Long-term safety and effectiveness of adalimumab for the treatment of Japanese patients with rheumatoid arthritis: 3-year results from a postmarketing surveillance of 552 patients.

OBJECTIVES

To determine the safety and effectiveness of and identify associated factors in long-term adalimumab (ADA) treatment of Japanese patients with rheumatoid arthritis (RA).

METHODS

Of 7740 patients participating in the all-case postmarketing surveillance study, 552 were enrolled in the present study and observed for 3 years. The safety and effectiveness of ADA were analyzed in 509 and 430 patients, respectively.

RESULTS

Adverse drug reactions (ADRs) were reported in 34.2% of patients (23.3/100 person-years [PYs]); serious ADRs (SADRs) were reported in 10.6% (5.9/100 PYs).
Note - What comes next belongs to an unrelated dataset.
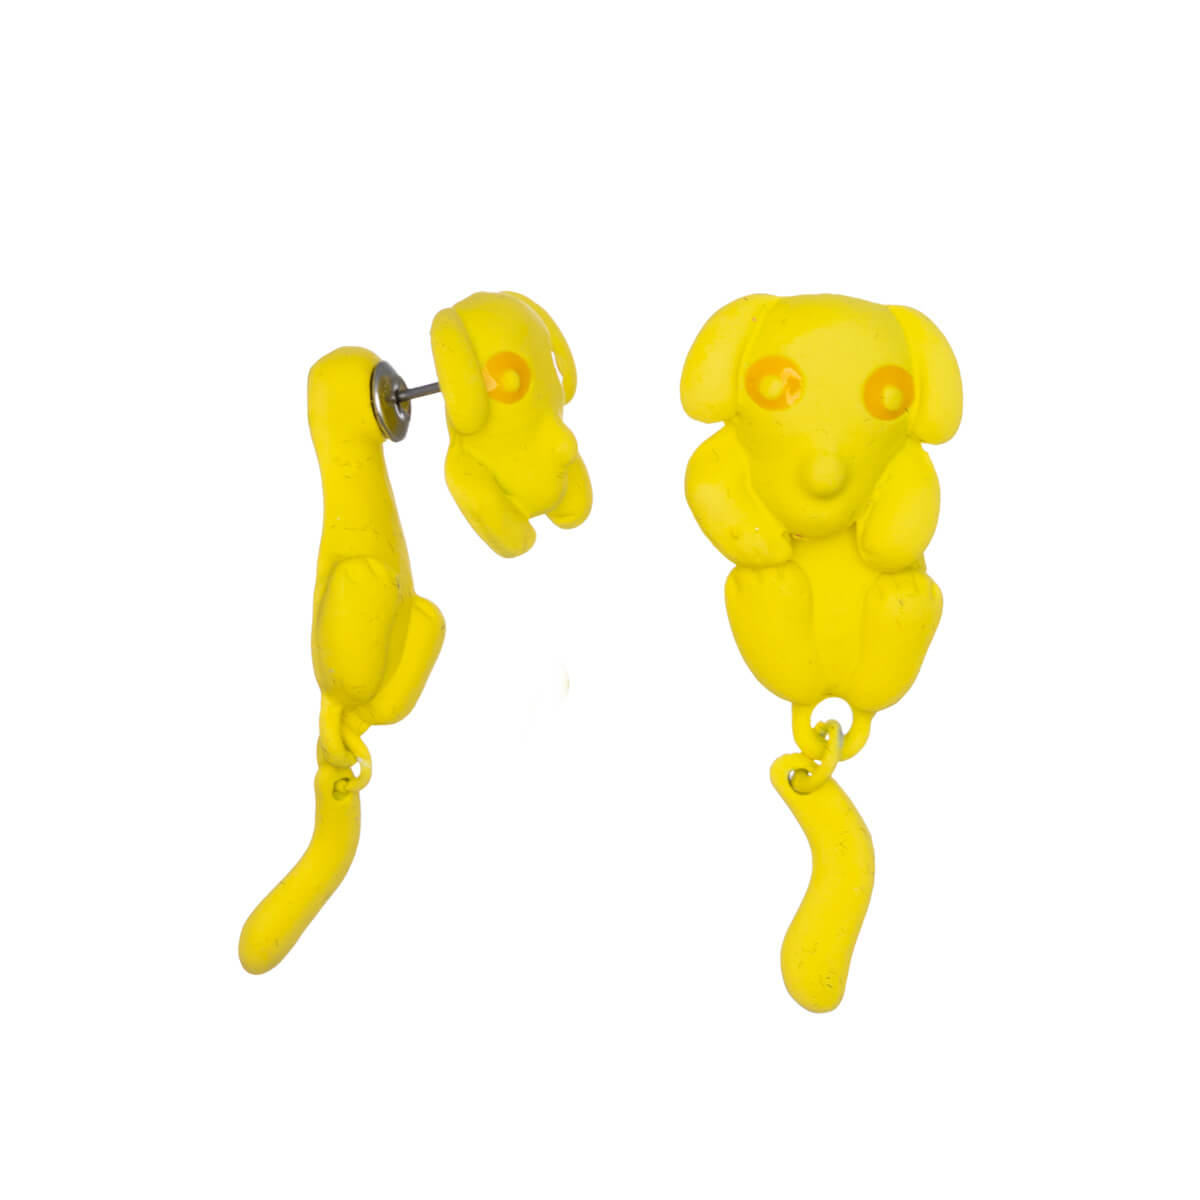 Hanging dog earrings

The most common ADRs and SADRs were infection (16.5%) and serious infection (6.1%), respectively. Seven patients (1.4%) developed malignancies. Multivariate analysis revealed that the risk factors for SADRs were age ≥65 years and respiratory disorder at baseline. The proportion of patients who achieved remission (28-joint count Disease Activity Score based on four erythrocyte sedimentation rates <2.6) increased from 3.3% at baseline to 49.2% at 36 months. Significant predictors of failure to achieve remission were female sex, age ≥65 years, blood disorders and advanced structural change at baseline.

CONCLUSIONS

Overall, no unknown safety issues were noted during the 3-year treatment with ADA in Japanese patients with RA.